• [Task brief] Could you print all the entries below exactly as they appear, omitting the pictures?
BEGIN Records shown
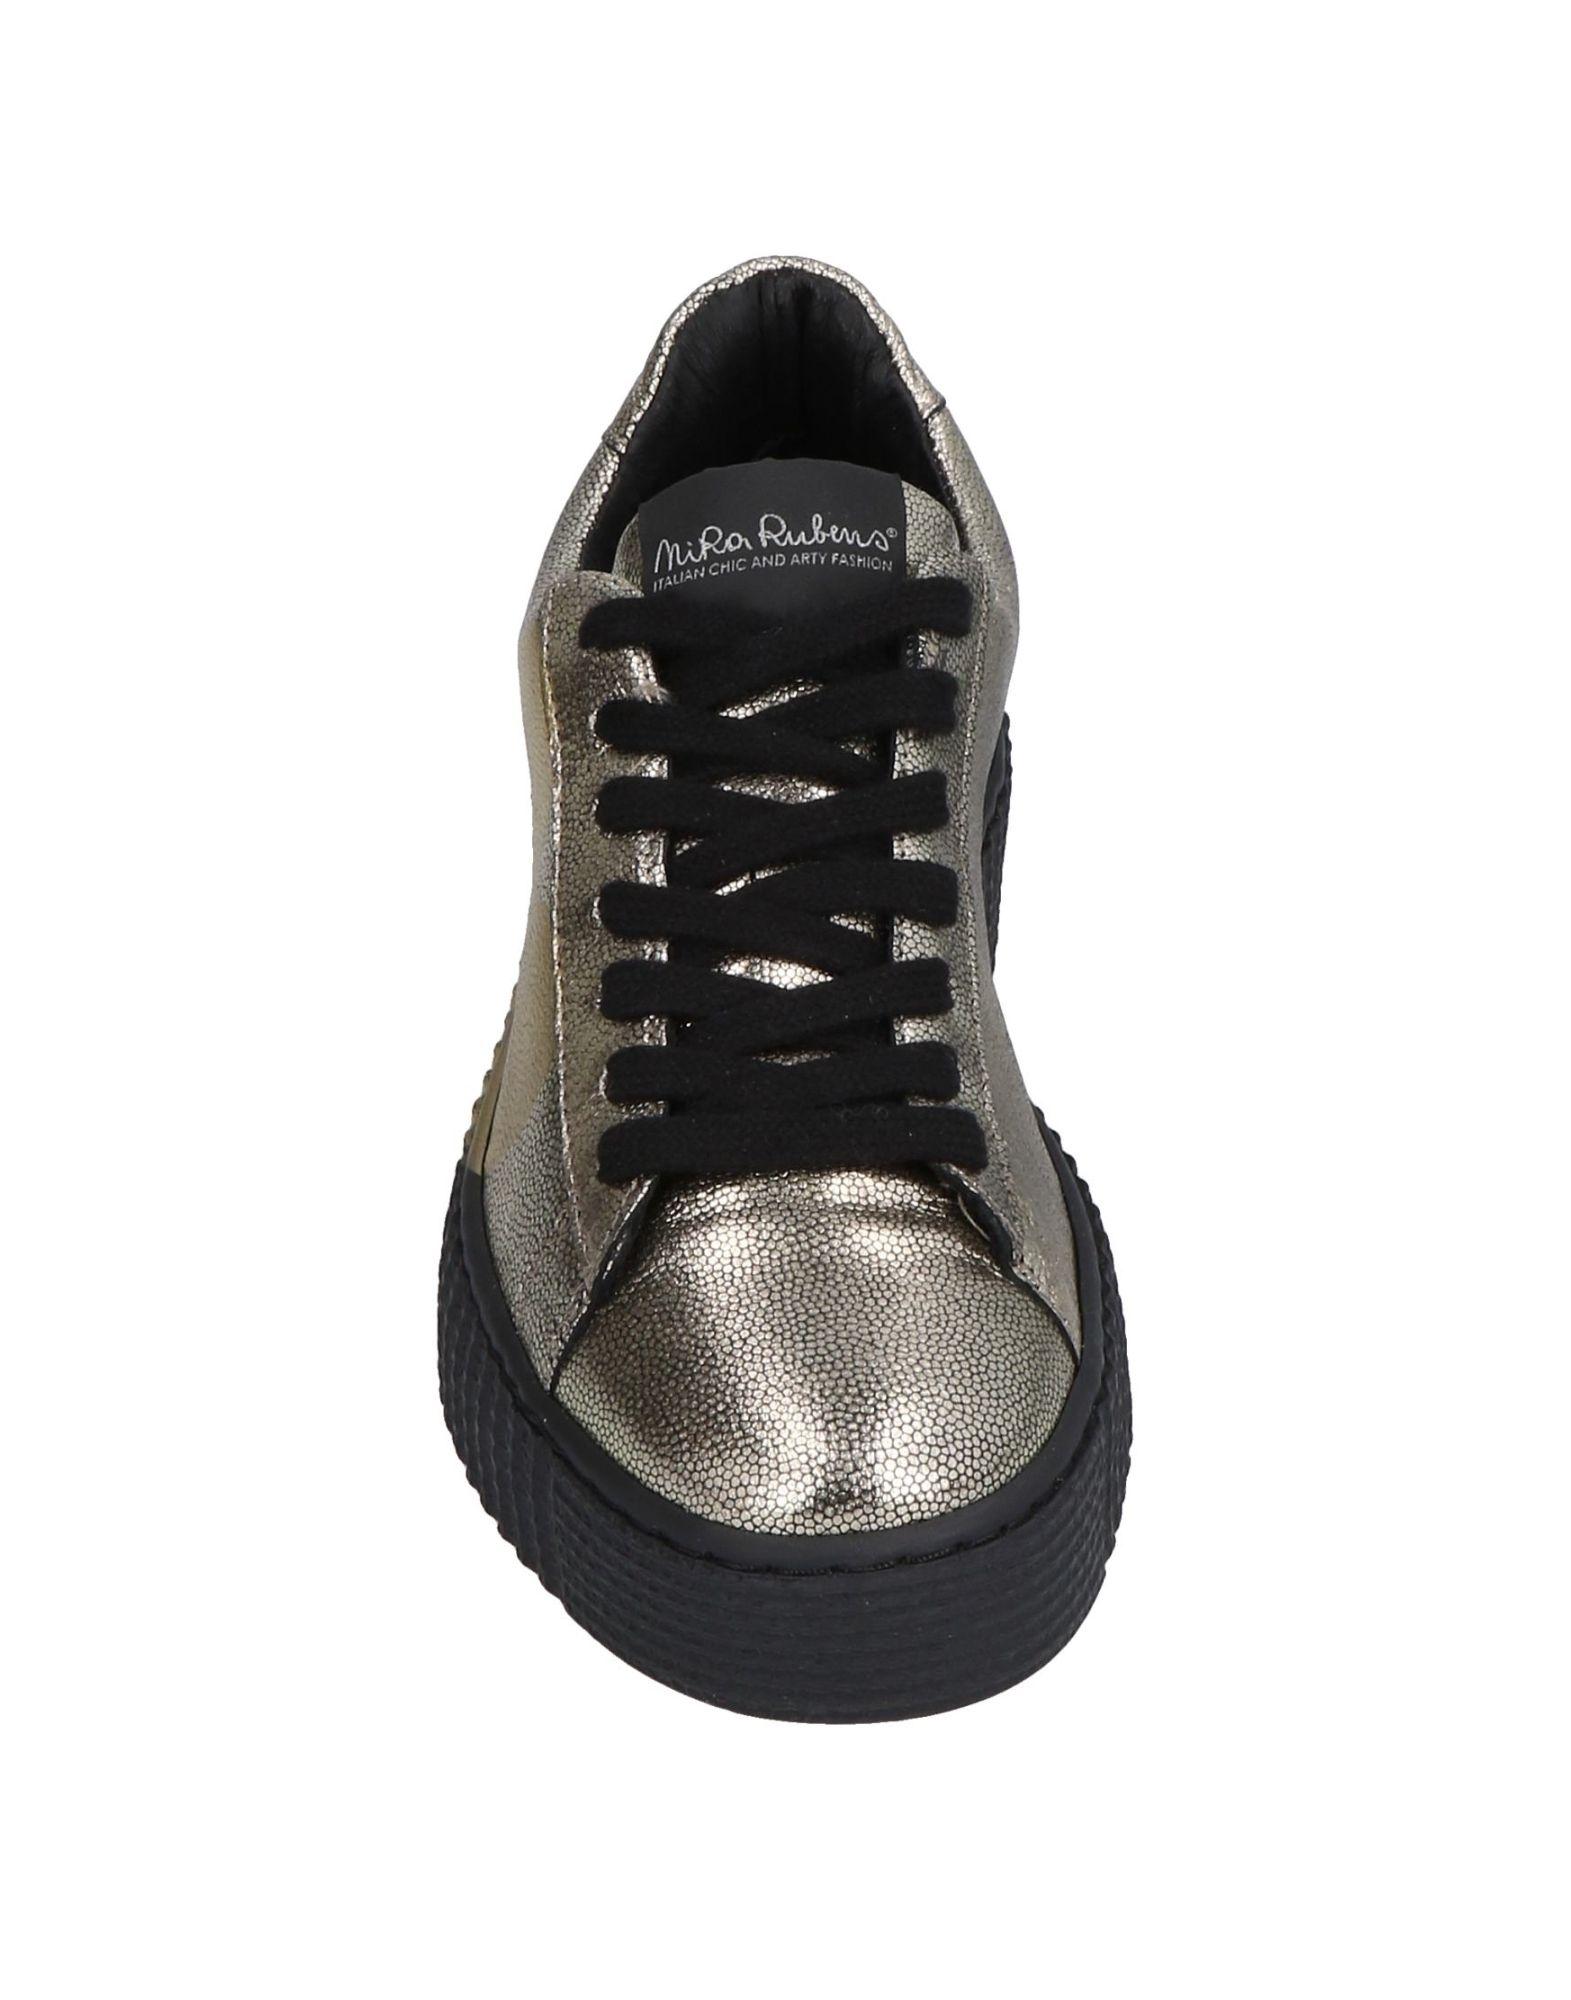 Nira Rubens Sneakers Qualität Damen  11486129FH Gute Qualität Sneakers beliebte Schuhe 3e1304
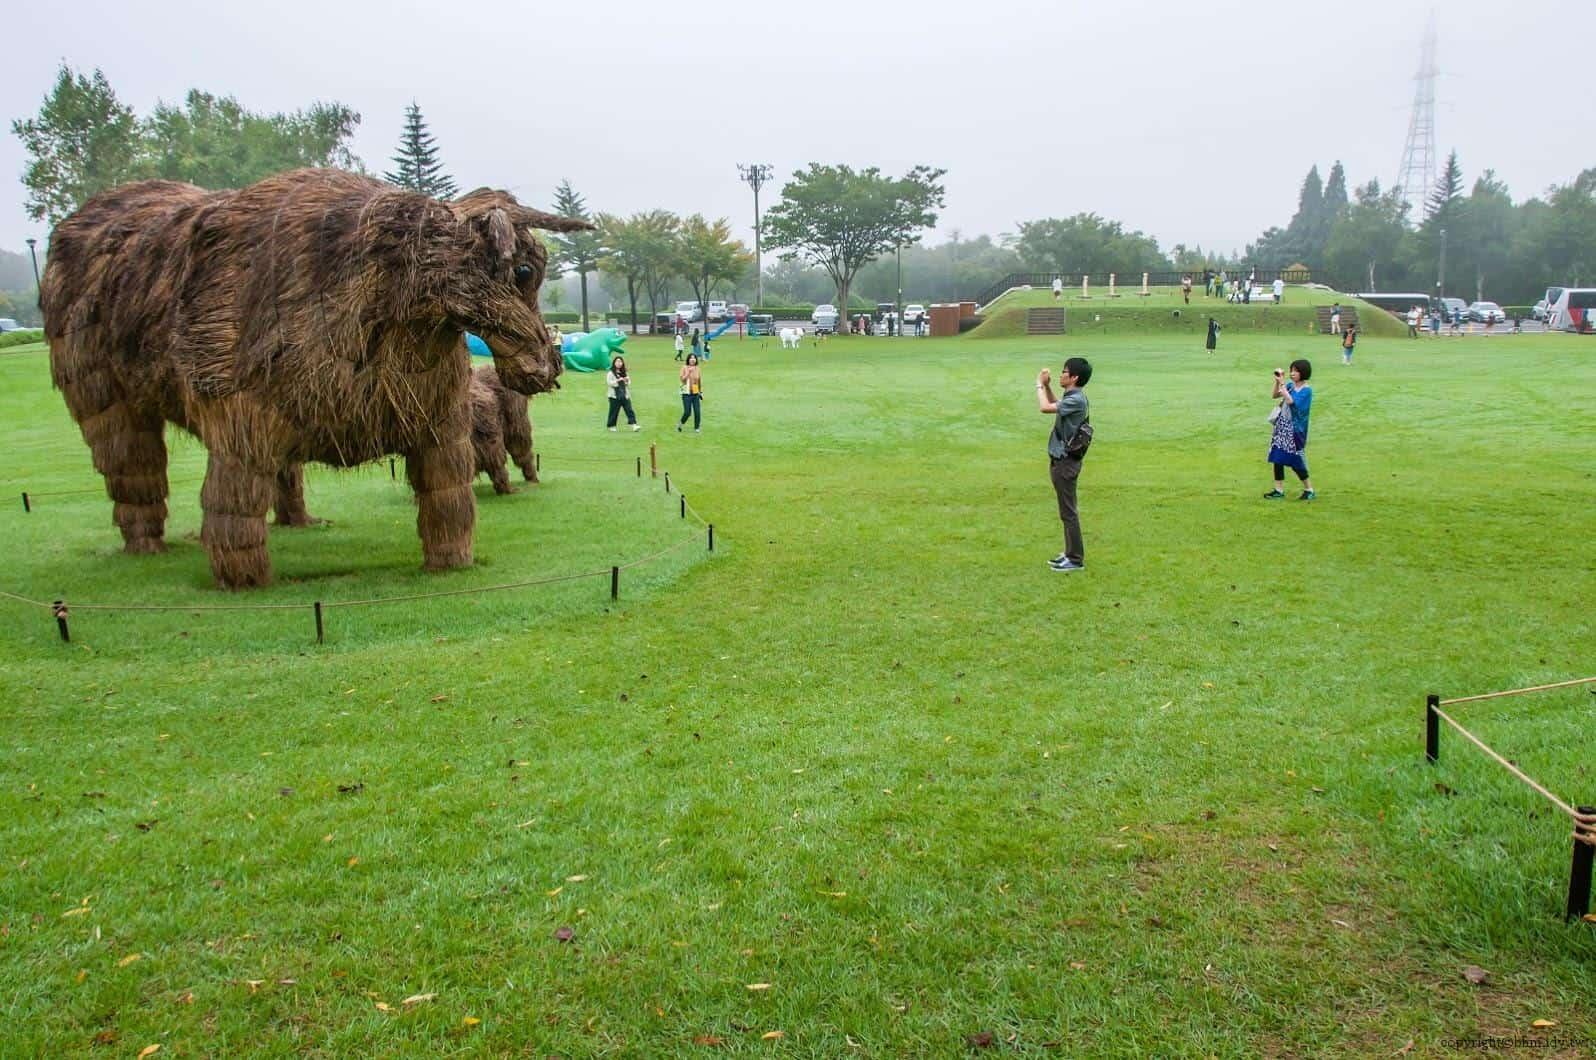 Yuma Matsumoto + Wara Art JAPAN,Mishimaushi@里山藝術動物園。整個公園中少數大件作品之一 里山藝術動物園 里山藝術動物園 satoyama art zoo 04
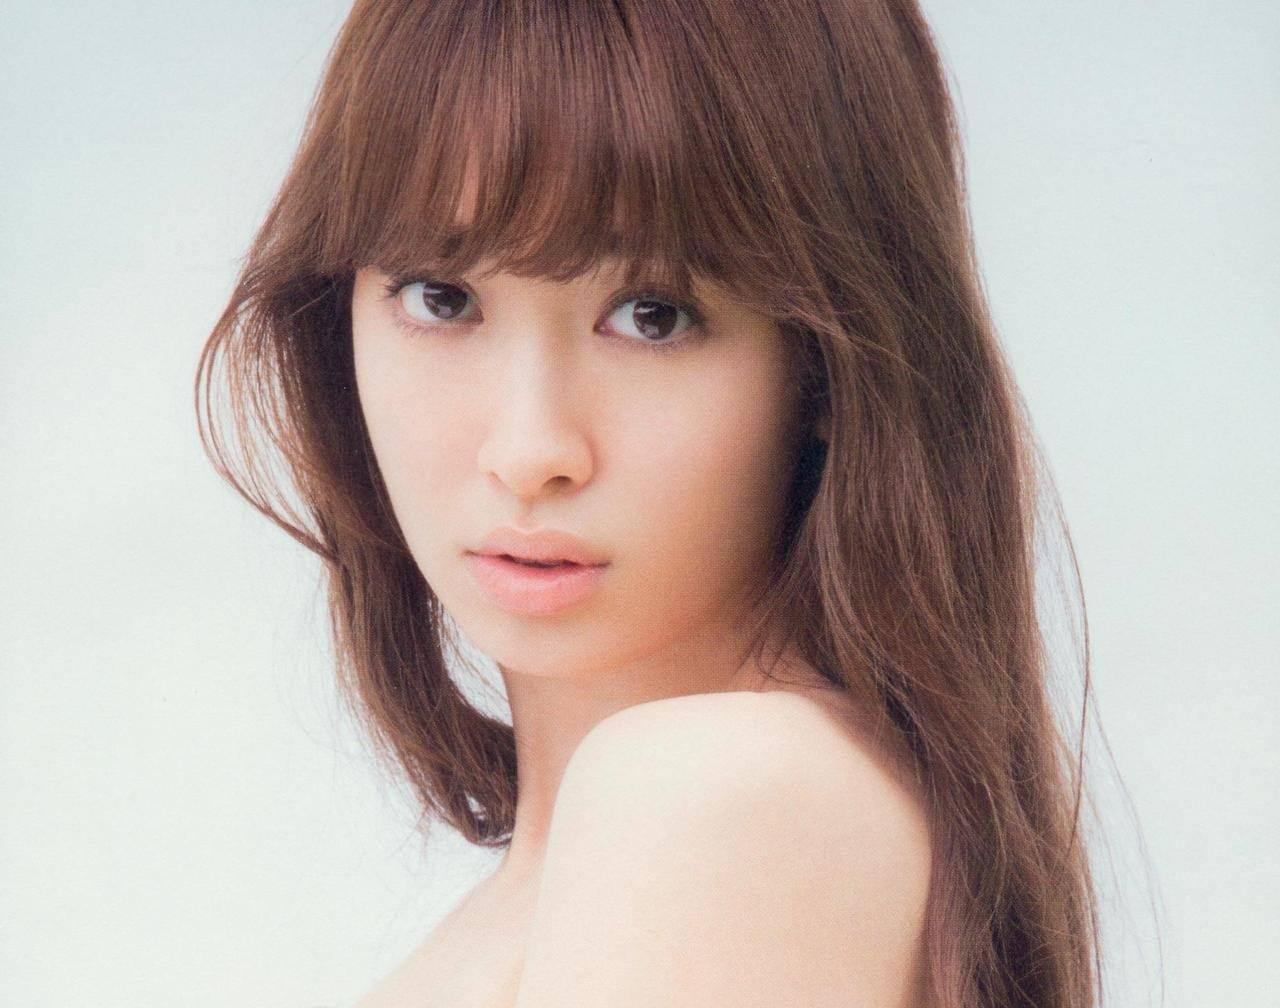 小嶋陽菜 こじはるの手ブラミソジお乳&生尻丸出し色っぽい写真
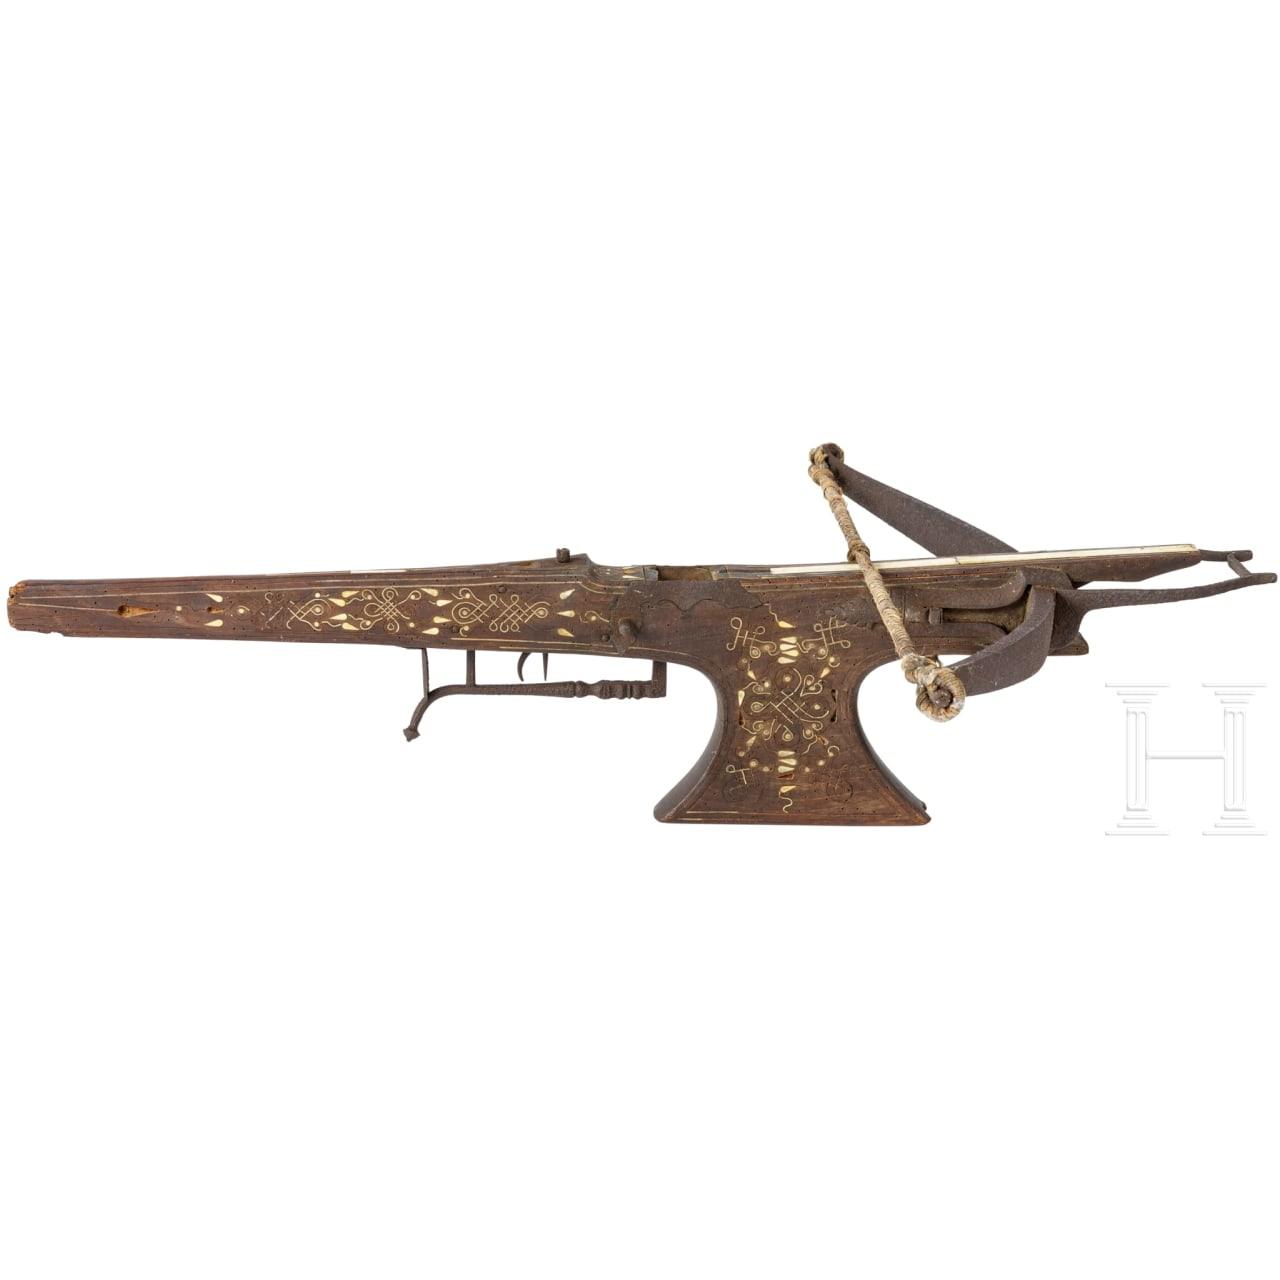 Beineingelegte Scheibenarmbrust, flämisch, um 1700
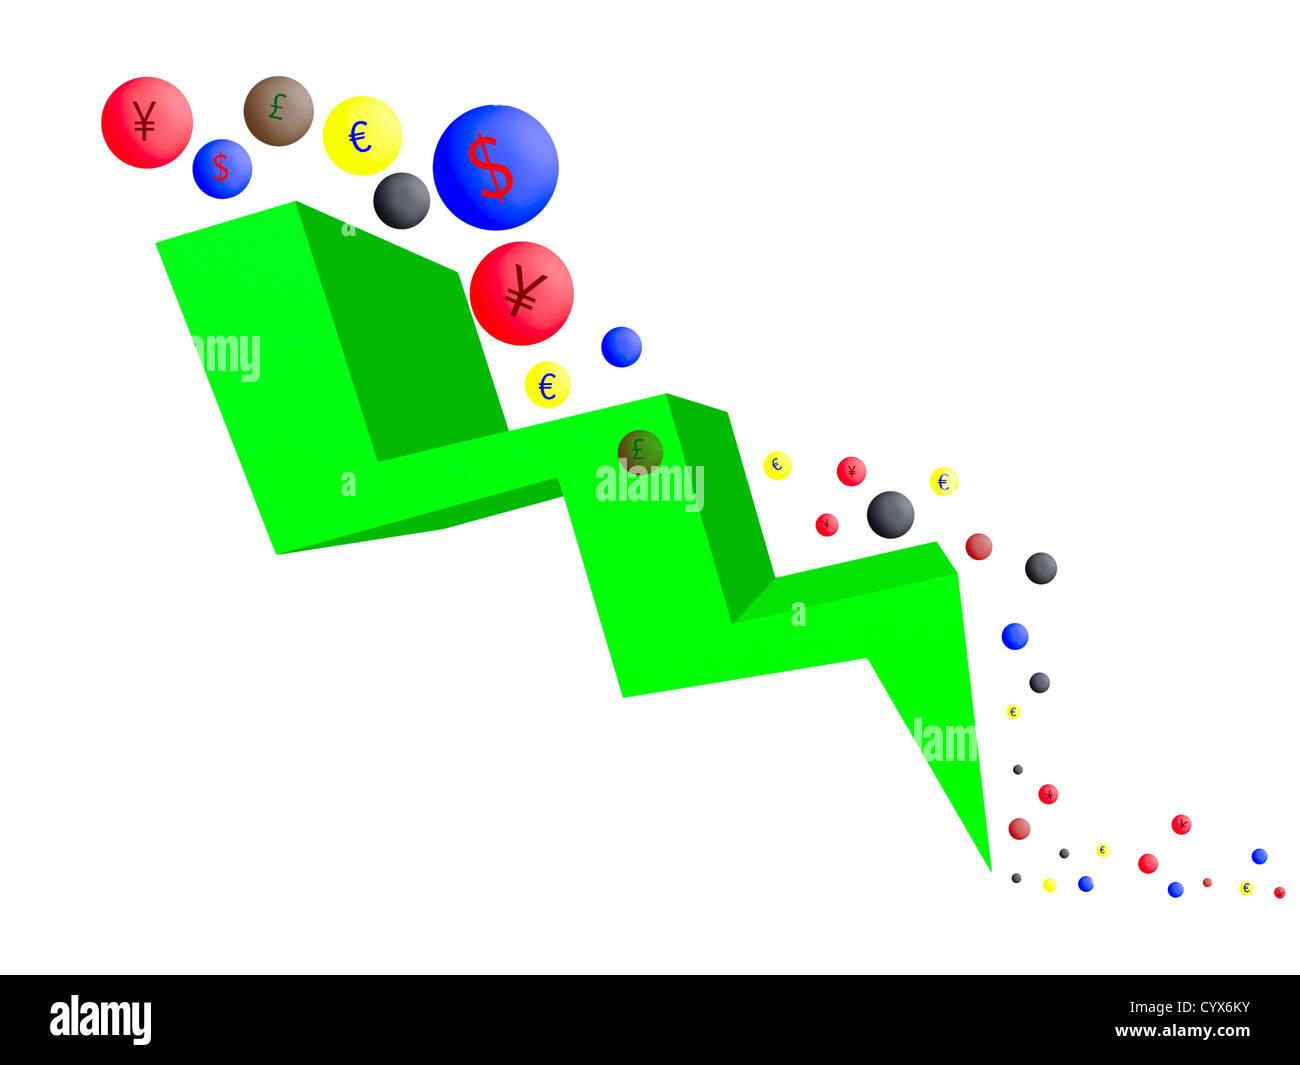 Währungen im Abwärtstrend, weißer Hintergrund Stockbild
END Records shown
• [Solution to this task]
 Nira Rubens Sneakers Qualität Damen  11486129FH Gute Qualität Sneakers beliebte Schuhe 3e1304
 Yuma Matsumoto + Wara Art JAPAN,Mishimaushi@里山藝術動物園。整個公園中少數大件作品之一 里山藝術動物園 里山藝術動物園 satoyama art zoo 04
 小嶋陽菜 こじはるの手ブラミソジお乳&生尻丸出し色っぽい写真
 Beineingelegte Scheibenarmbrust, flämisch, um 1700
 Währungen im Abwärtstrend, weißer Hintergrund Stockbild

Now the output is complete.